**WHAT TO PRODUCE**
The listing below should be printed again word for word, without any images.

**THE DATA**
···

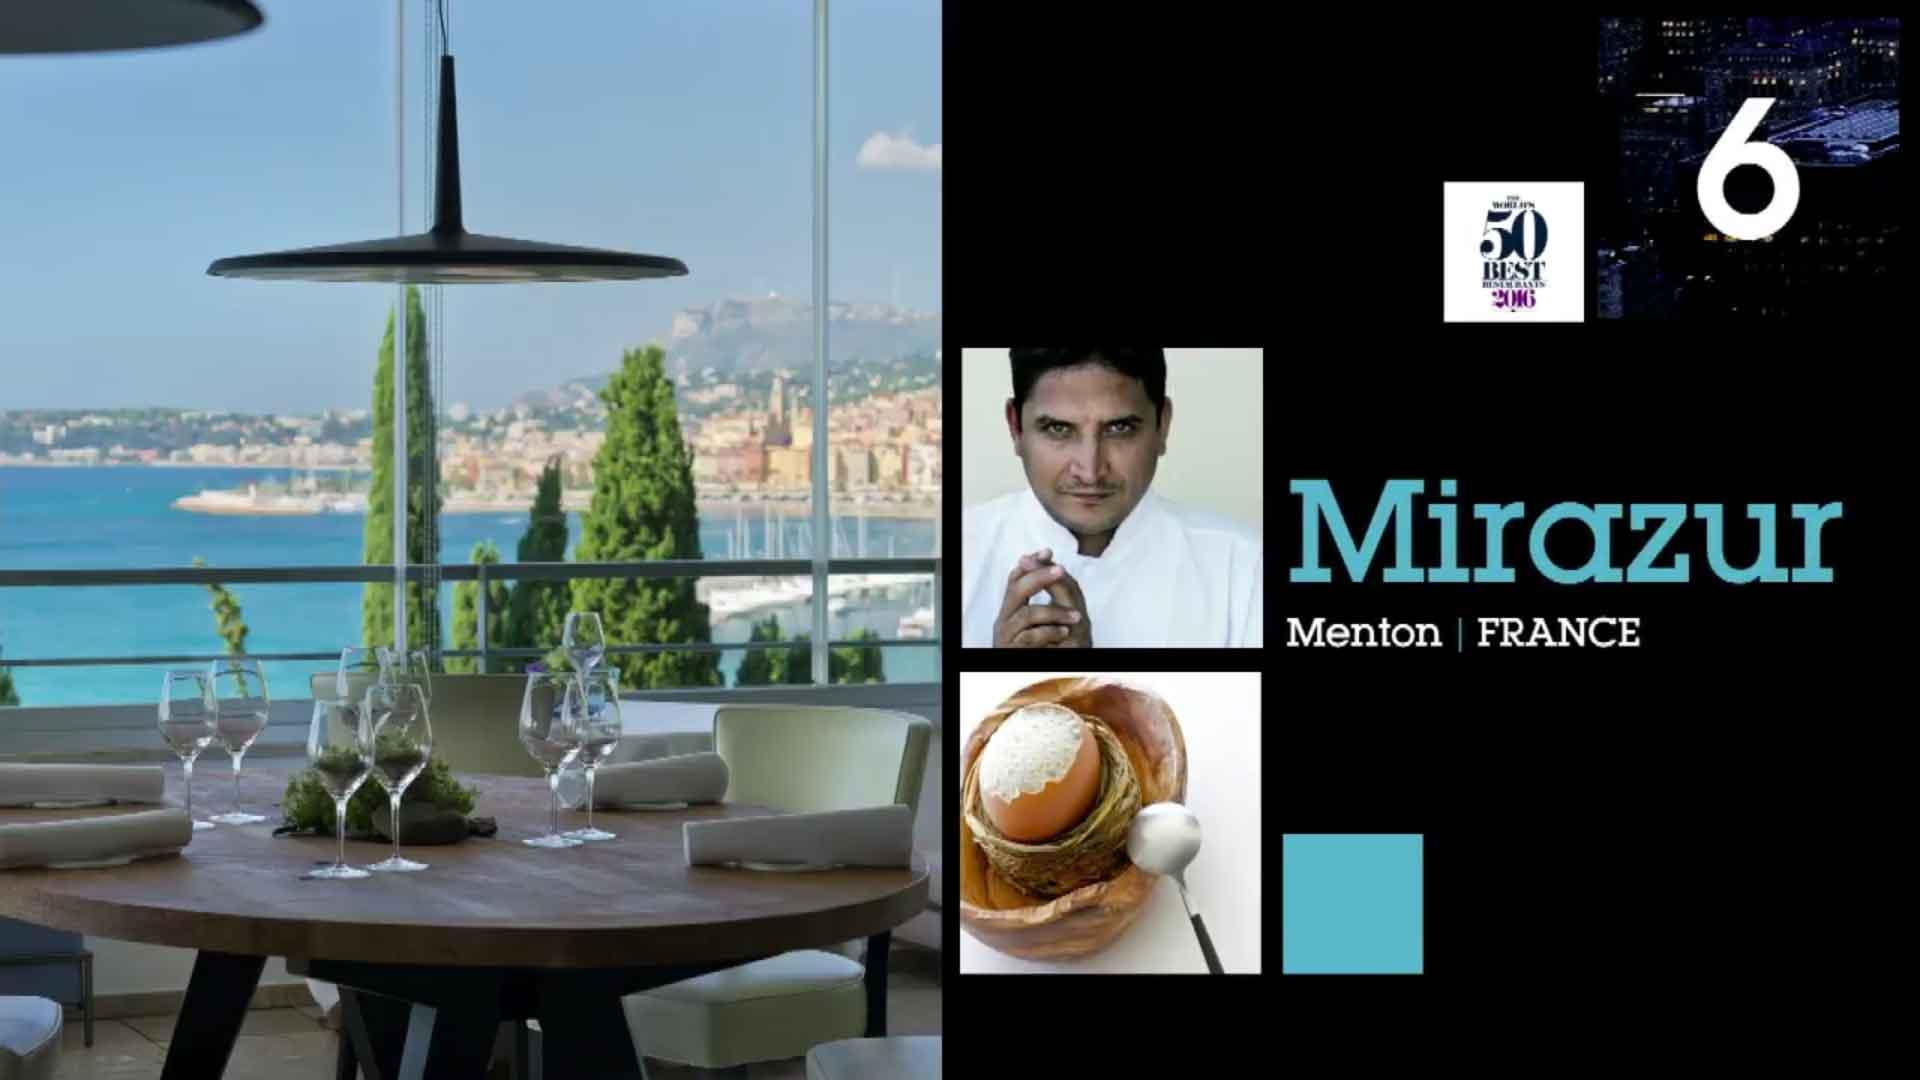 50 Best Restaurants 2016 classifica 6
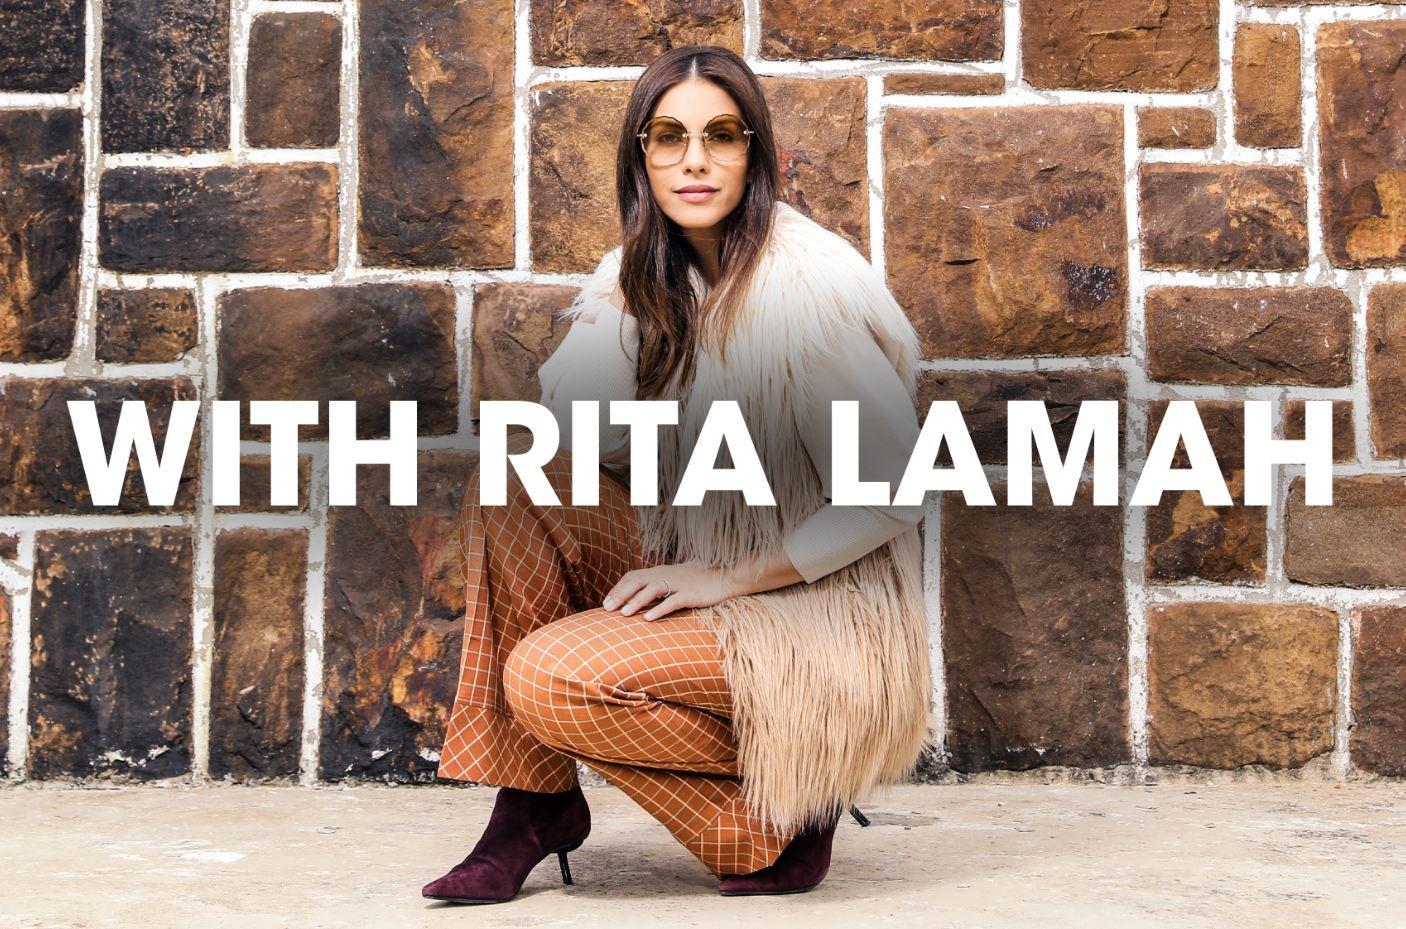 SHE'S STILL RITA FROM THE BLOG - News
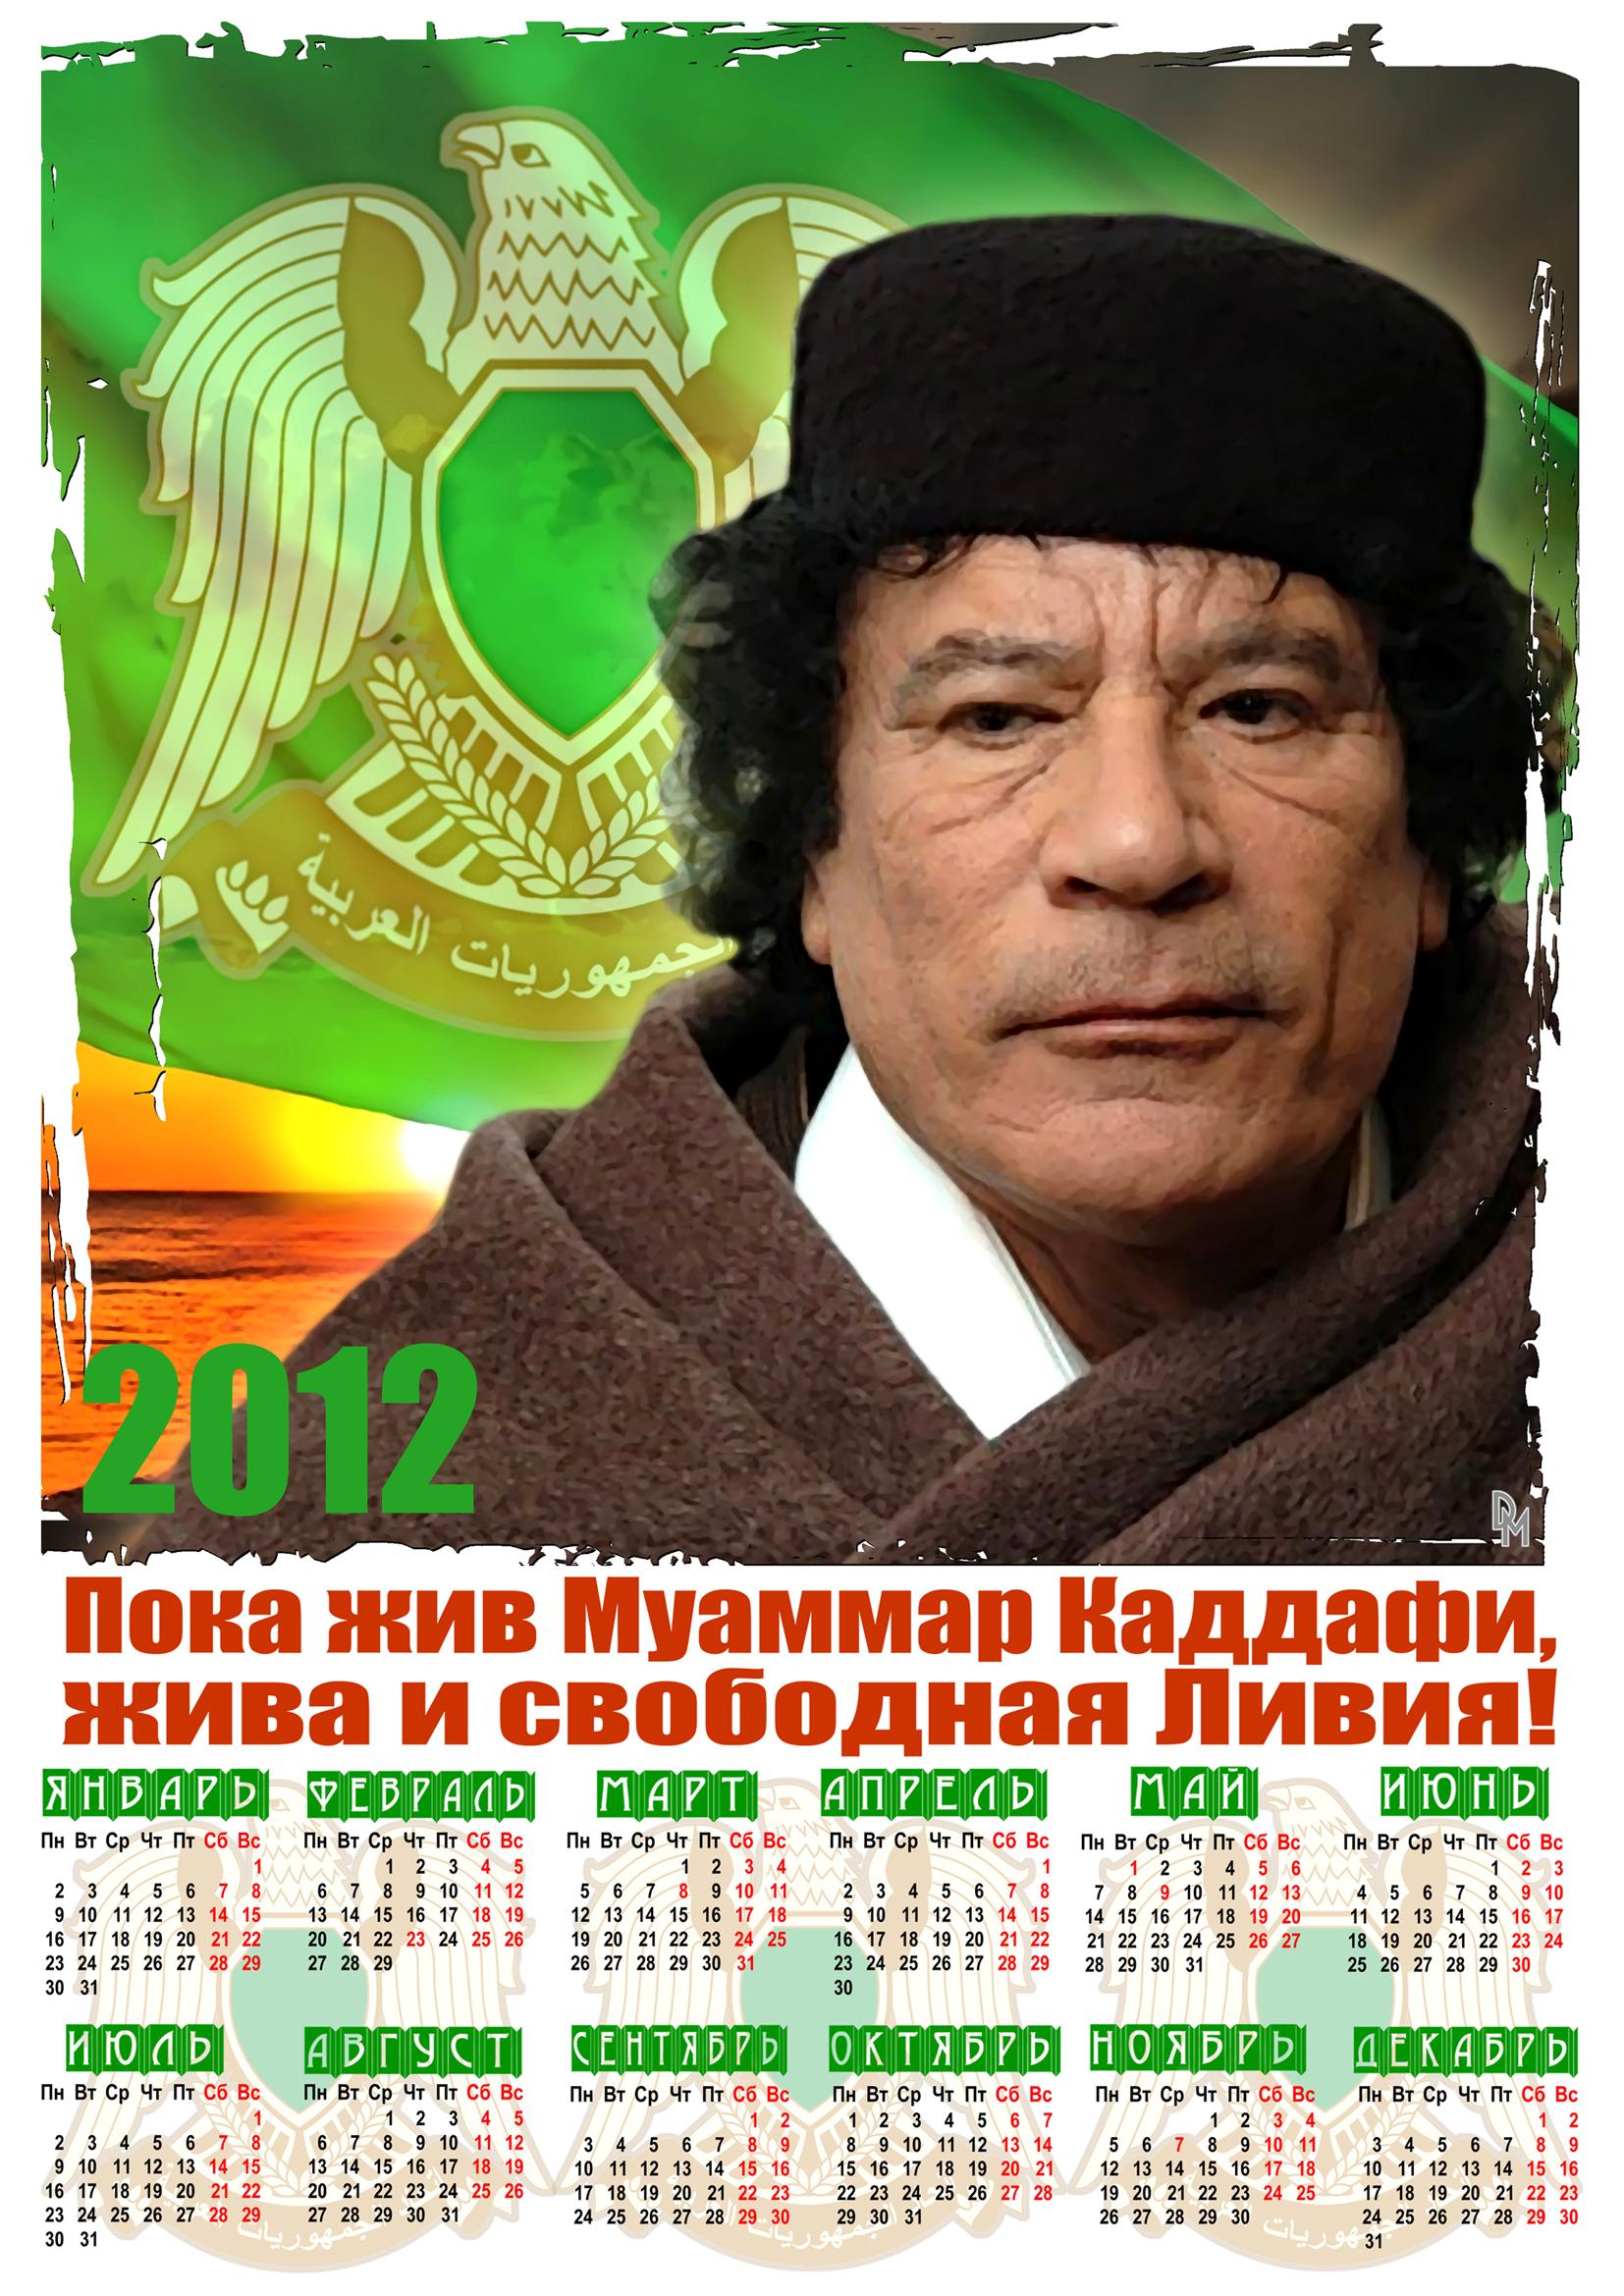 Каддафи календарь ливия 2012

···

**WRITTEN REPLY**
 50 Best Restaurants 2016 classifica 6
 SHE'S STILL RITA FROM THE BLOG - News
 Каддафи календарь ливия 2012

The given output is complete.